I was planning to write about the reforestation of North America after the last glacial maximum. It is still going on, as the early cold weather trees continue to die off and leave space for hardwoods and warm weather trees. The process is clear to anyone who has thought about it or observed that while Maine was known as the Pine Trees there have been getting replaced by hardwoods. But anyone cane write that post, so I decided to write about beating plowshares into swords.

Modern ploughs use high quality steel in the shares or blades and the shank to which they are welded are also good quality. New bottoms can be bought for prices from $20 to $100, but they can also be found used or as scrap for lower prices.

Scrap plows probably are the best deals; in addition to a low price, there are shanks attached to the remainder of the bottoms, and those shanks can be forged into tangs for the swords. In the course or forging, the shank and the bottom and the bottom will become even more closely connected than the weld that was there, so the shank can be incorporated into the blade, with the bottom being only the edge itself, while the shank will become the back of the blade.

The first step of the forging is to anneal the steel, so it will be soft enough to hammer-at lower temperatures. Heat the steel to yellow, forging temperature and leave it to slowly cool; do not quench it or beat it; those come later. After the steel has been annealed heat it to yellow and hammer it into shape, trying to hammer the plow bottom into the shape of the swords, while holding the piece by the shank and using the shank as the tang and back of the blade. The metals will mix further, and that is fine. Continue heating, hammering, and quenching the sword until it is the desired size and shape, making sure that the blade has a suitable taper from back to edge.

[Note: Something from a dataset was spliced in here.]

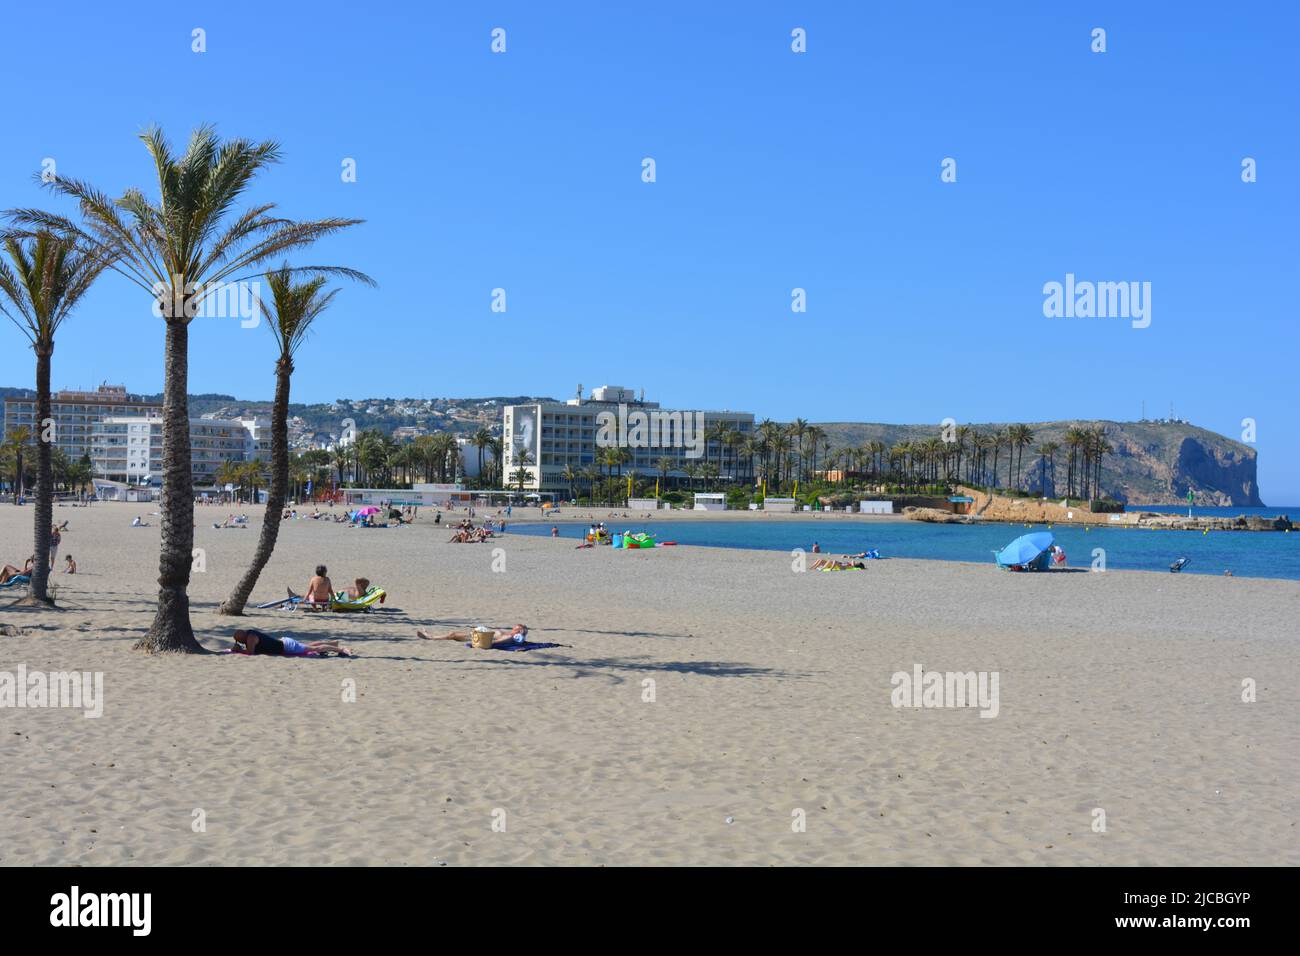 Touristes sur la plage Arenal avec Parador et Cabo San Antonio derrière, Javea, Alicante, Espagne Banque D'Images

Because of the shape of the plough shares or bottoms, it will be necessary to hammer on the edge, and hat can make the metal fold, rather than collapsing into itself, but that can be dealt with. Or it might be easier to fold the flat part over and hammer and heat it together.

Hardening and tempering the hardness are very important, and quenching in oil can improve the steel. Harden the blade to full hardness by getting it to bright red and then quenching it . That will make it brittle, so it must be reheated so the surface oxidation is blue or purple and then quenched. That should leave it quite hard but not brittle, so it could be used to chop wood, if necessary. It is a good idea to shape the edge before hardening, but the actual sharpening has to be done after hardening and tempering.

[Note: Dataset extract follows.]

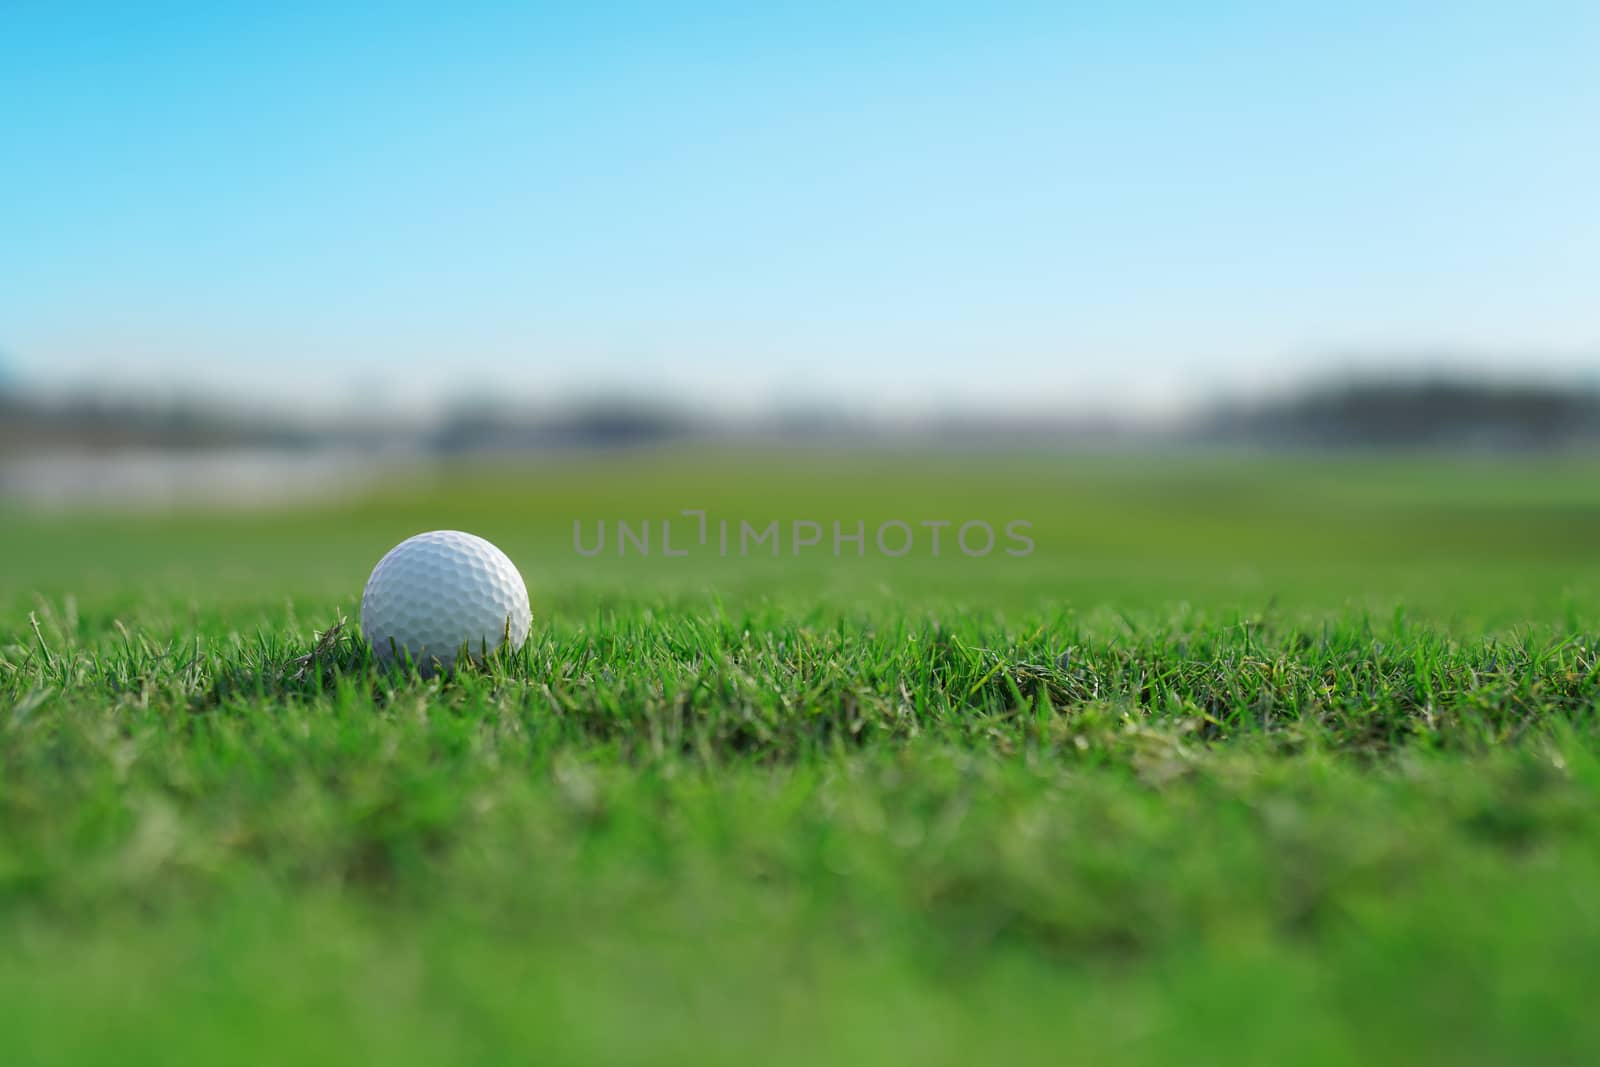 golf ball on a green fairway grass

Making a sword from a ploughshare isn't particularly difficult, but it takes time and some skill. Perhaps the most difficult part is the heat treating, because the blade can become warped or twisted when quenched, and that would require carefully hammering it so that there were no areas that had more tension than other areas. That might be why there are stories of of smiths plunger the blade into a human to quench it. That wouldn't be better than water or oil, but putting between ribs might keep it from becoming warped. I think that careful hammering would be neater, but that's only my opinion.
If making a sword is your first adventure in blacksmithry, then you might want to make a few smaller knives for practice first.